Review: It seems with Delany that you either understand him, and he becomes your favorite author, or you completely don't get it and are repulsed by all of his works. This was the first book I read by Delany -- since them I've read Dhalgren (what an awesome book) and the Neveryona series, and a bunch of his earlier works. The setting, Triton, was both believable and extremely surreal. The main character, though somewhat shallow... is absolutely fascinating and fascinatingly dense. This book is full of political, social, sexual and scientific commentary (as with all his later works)... I don't know what it was about it, but I personally couldn't put it down and stayed up all night reading it, and can't wait to re-read it. This is a beautiful and fascinating work, but not for everyone.

Rating: 1 stars
Summary: Delany Loses It
Review: It was with this book that Delany systematically began to dash the hopes of fans who had breathlessly awaited every new book up through "Nova". The writing skill is still there, no question. But Delany's pornographical and intellectual self-indulgence begin their corrosive process on his work. How sad. All that imagination and storytelling skill undermined by meaningless (and often tasteless) philosophical and sexual noodlings. In a parallel universe, Delany kept writing appealing and entertaining books in the vein of his early science fiction. Too bad we don't live in that universe.

Rating: 1 stars
Summary: Can a book be worse than this?
Review: Maybe I just missed the boat on the whole Delany thing. The guy won back-to-back Nebulas in the late 60s, but everything I've read by him is just bizarre. I read Dhalgren, and that was pretty pornographic, but the book had a real message to it, which almost outweighed the graphic sex. Trouble on Triton though, ugh. They don't come worse than this. First of all, the book is completely lacking in plot. Second of all it has nothing enjoyable about it. To summarize: strange man tries to find love, but ends up hanging out with 74 year old homosexuals who don't wear clothes playing calculus games. I found the stuff that wasn't disgusting to be stupid, and what wasn't stupid was disgusting.

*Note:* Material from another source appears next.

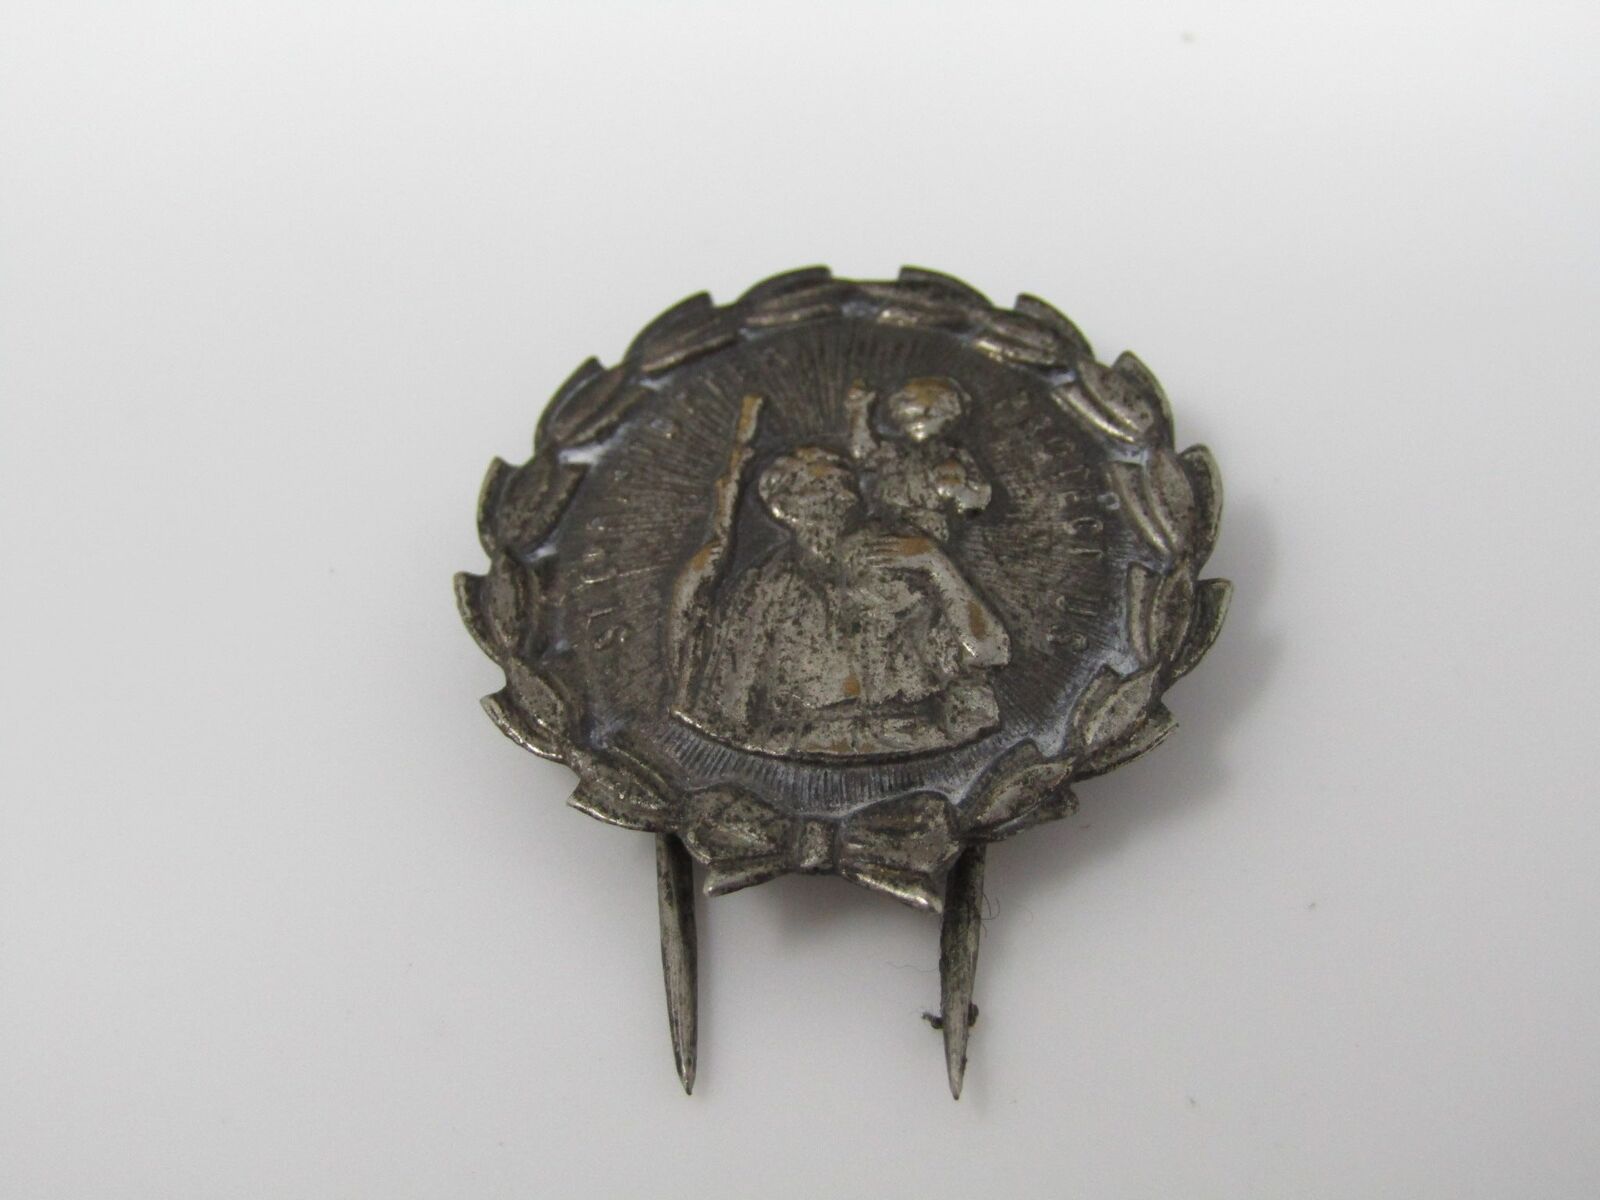 Vintage Christian Pin: St. Christopher Amazing Design

Avoid this book at all costs.

Rating: 2 stars
Summary: An ambiguous review.
Review: Samuel Delaney's Trouble on Triton is a somewhat disturbing book from the mid-70's. The Solar System has been colonized, and the various and many moons are in a war with the two colonized planets, Earth and Mars. In Delaney's heterotopia, anyone can find their pleasure by outwardly declaring their sexual preference (or lack thereof), by having said preference adjusted for them, and by switching genders at will. Hunger, homelessness, and lack of anything are pretty much eliminated.

In this strange paradise, we meet Bron, a cringingly un-self-aware man who is completely unable to be happy. The book chronicles his wanderings and his pursuit of the object of his alleged love, a performance artist named The Spike.

Interesting, well-written, yet also somehow forgettable, I don't think I'd recommend this one unless you're really bored.